Records follow. Copy every line with "espadrilles".

### DATA SHOWN
━━━━━━━━━━━━━━━━━━━━

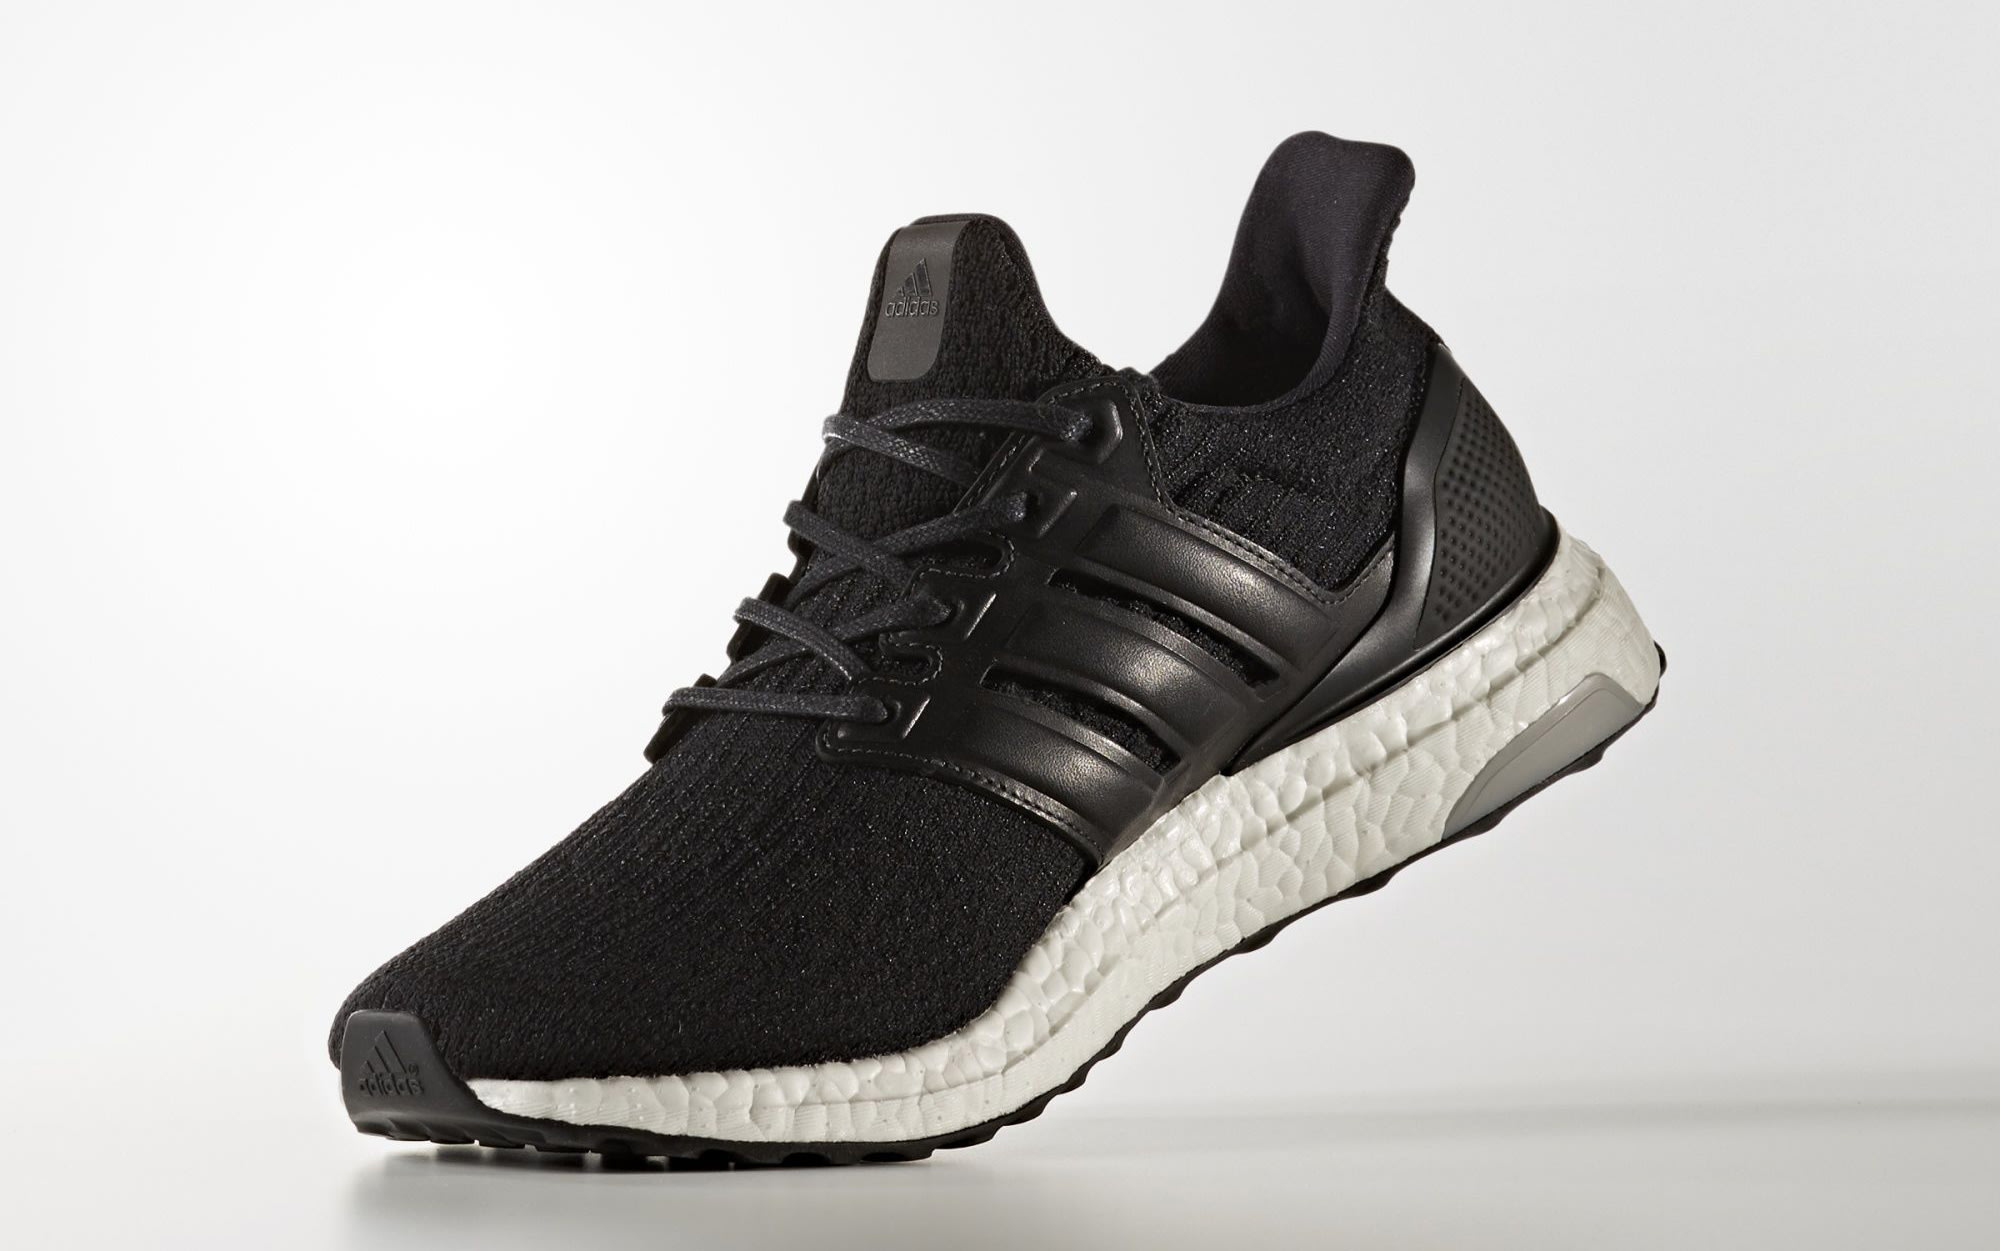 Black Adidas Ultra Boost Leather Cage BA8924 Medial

━━━━━━━━━━━━━━━━━━━━

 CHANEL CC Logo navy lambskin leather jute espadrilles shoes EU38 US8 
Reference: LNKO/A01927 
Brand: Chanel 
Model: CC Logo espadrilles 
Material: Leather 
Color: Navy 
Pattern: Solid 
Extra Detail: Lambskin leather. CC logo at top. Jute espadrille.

━━━━━━━━━━━━━━━━━━━━

### RESULT
 CHANEL CC Logo navy lambskin leather jute espadrilles shoes EU38 US8 
Model: CC Logo espadrilles 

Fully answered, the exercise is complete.